Он запустил в ее космы пятерню, зажал в кулак затрещавшие волосы, выдохнул умоляюще:

— Анфиска! Сволочь… Все прощу — перестань с ним только. Отринь от души.

Он ждал, в глазах его было унижение. Даже заискивающее лилось что-то из глаз.

— Не могу, — сказала она тихо, обессиленно, будто прощаясь с жизнью.

Он застонал, отшвырнул ее в сторону. Она упала в траву, приминая мелкий кустарник. И долго чувствовала, как больно ноет шея…

Теперь ныла вся душа, все тело. Почему, почему она тогда не отринула Федора из сердца, как вот теперь? Любила? Может, это и любовь была, да только не человеческая. Звериное у нее было что-то к нему, скотское. А он пользовался, он не жалел ее. Ни ее, ни Анну, жену свою. Он вообще баб не жалеет, не люди они для него… Не жалеет он баб!

Эта мысль вдруг поразила чем-то Анфису, она затаила даже дыхание. Вот ведь! — мелькнуло у нее. Федор никогда не бил ее, пальцем не тронул. А не жалел никогда! Кирьян исхлестывал, избивал ее несчетно раз до потери сознания. А жалел, всегда жалел! В этом — разница, большая разница… Так кто же человек-то, кто человечнее — Федор или Кирьян?!

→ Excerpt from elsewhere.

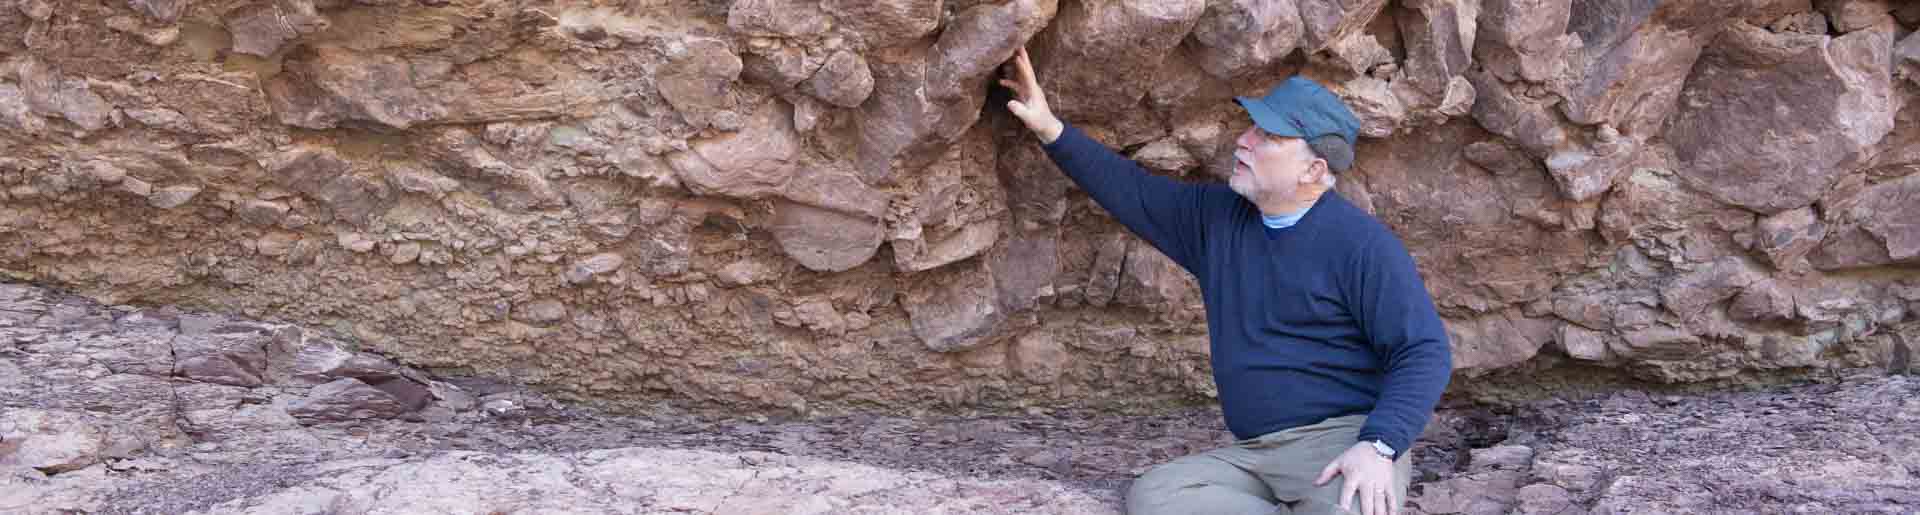 Dr. Whitmore at the Grand Canyon examining rocks.

Анфиса задышала тяжело и быстро. Ей показалось, что она сделала какое-то важное открытие, без которого никогда бы не узнать и не решить — как и зачем ей жить дальше. Собственно, как и зачем жить дальше, неведомо и теперь, но все скоро, в ближайшие же дни, станет ясно, теперь уж обязательно станет, думала она. Не было раньше никакой щелочки, откуда бы пролилось на нее тепло, теперь появилась или появится… Только Кирьян перестал писать. Господи, что с ним приключилось-то? Писал он не часто, но раз в месяц-полтора приходило письмо. Сейчас нету ничего уже пятый месяц! Может, затерялось где по почтам. Обыкновенное дело — провалилось куда за стол, за ящик какой, в глухое место… Оно там лежит, а она ждет. Похоронной же нет, — значит, живой…

Стало светать, засинело окошко, а в комнате стояла прежняя густая темнота.

Опять пошел дождь, застучал торопливо в стекла, громыхнул где-то далеко гром, а потом уже почему-то сверкнула молния, осветив голые бледно-серые стены и потолок. Анфиса тут же и поняла, что это донесся гром не от этой вот, а от другой молнии, и стала ждать, когда снова загремит. Но ничего не загремело, только хлестанул сильный ливень, по тесовой, заплесневелой разноцветными лепешками грибков крыше кто-то грузный заплясал босиком, прогибая полусгнившие доски.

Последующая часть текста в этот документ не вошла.